The data:
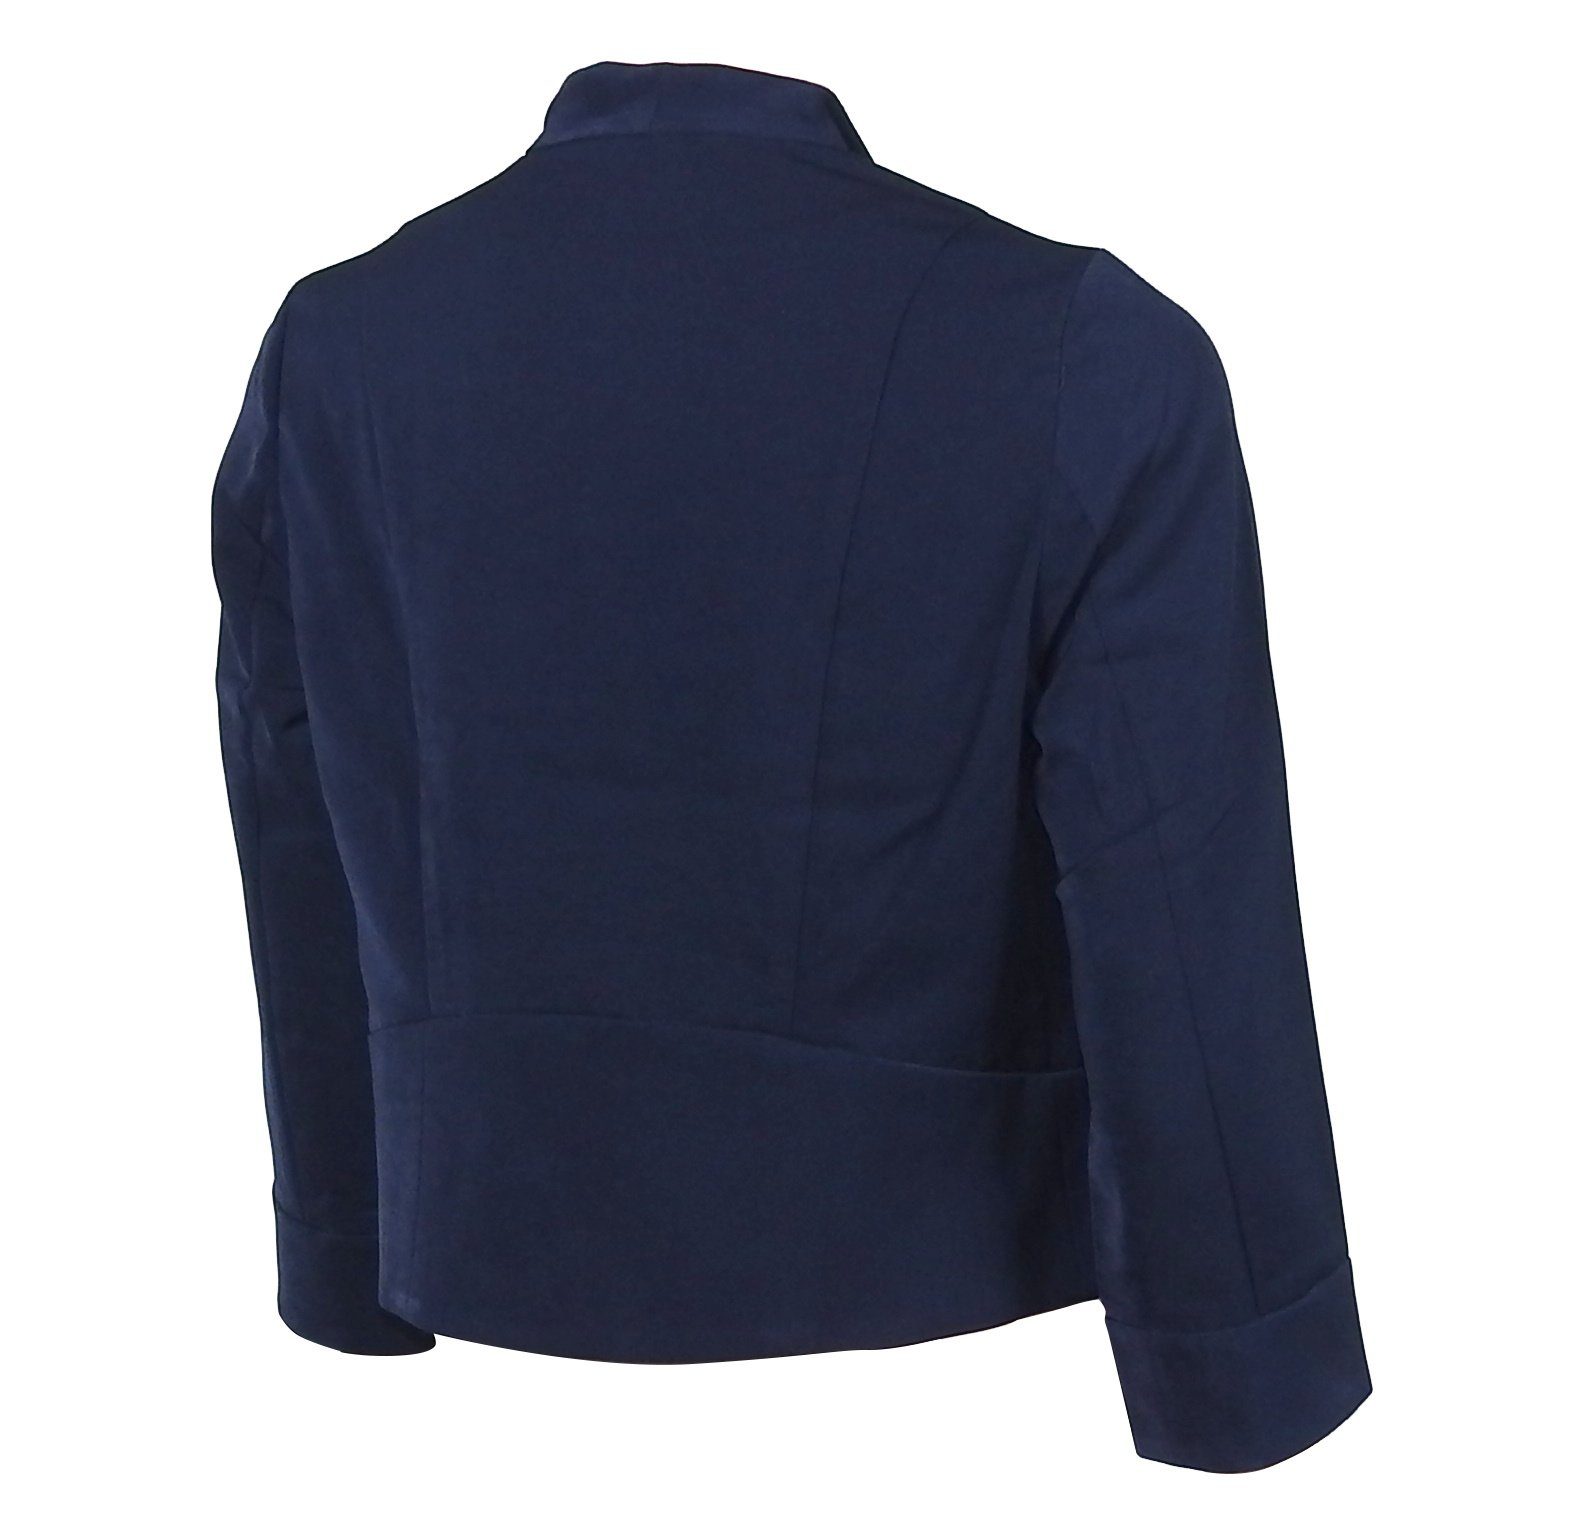 Sakko im Basic Look Jackett Kurzjacke mit Zipper Jacke Malito Damen Blazer ohne Kragen Blouson 6040
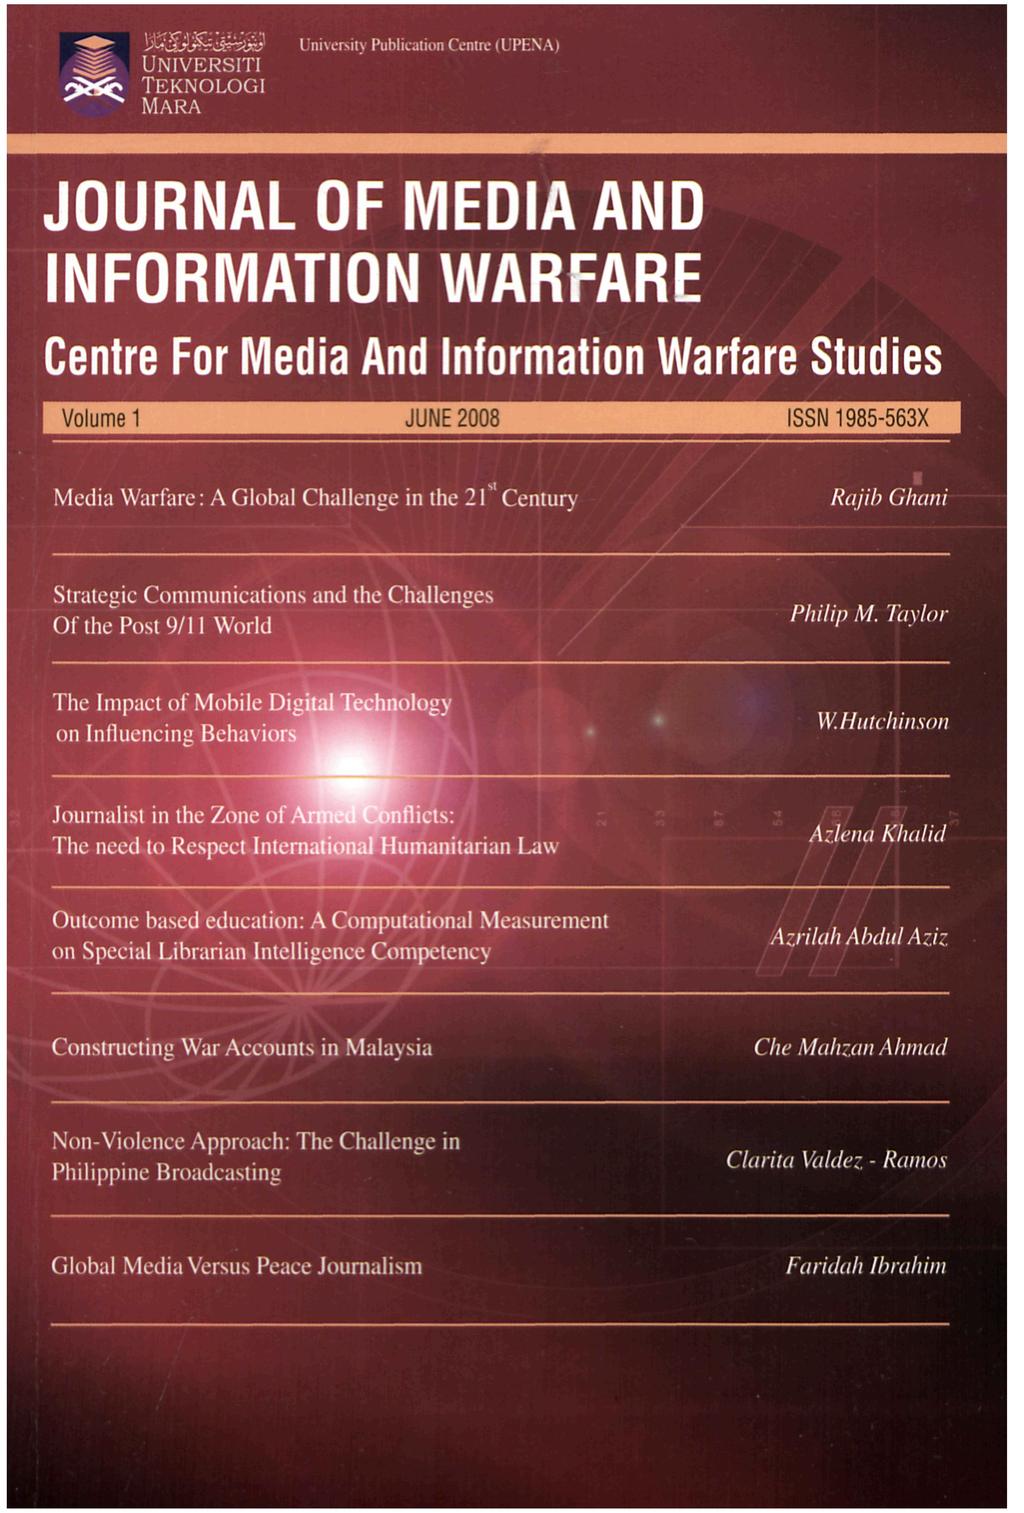 Mt\ Publication Cenire (L PI \ \, UNIVERSITI <&Bb TEKNOLOGI ^ ^ MARA JOURNAL OF MEDIA AND INFORMATION WARFARE Centre For Media And Information Warfare Studies Volume 1 JUNE 2008 Media Warfare: A
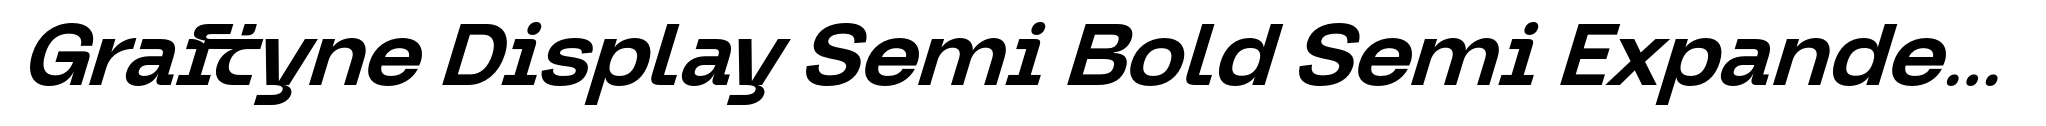 Graftyne Display Semi Bold Semi Expanded Italic image

What you are asked to do:
Repeat all the material exactly, but keep pictures out of the copy.

Response to this task:
 Sakko im Basic Look Jackett Kurzjacke mit Zipper Jacke Malito Damen Blazer ohne Kragen Blouson 6040
 Mt\ Publication Cenire (L PI \ \, UNIVERSITI <&Bb TEKNOLOGI ^ ^ MARA JOURNAL OF MEDIA AND INFORMATION WARFARE Centre For Media And Information Warfare Studies Volume 1 JUNE 2008 Media Warfare: A
 Graftyne Display Semi Bold Semi Expanded Italic image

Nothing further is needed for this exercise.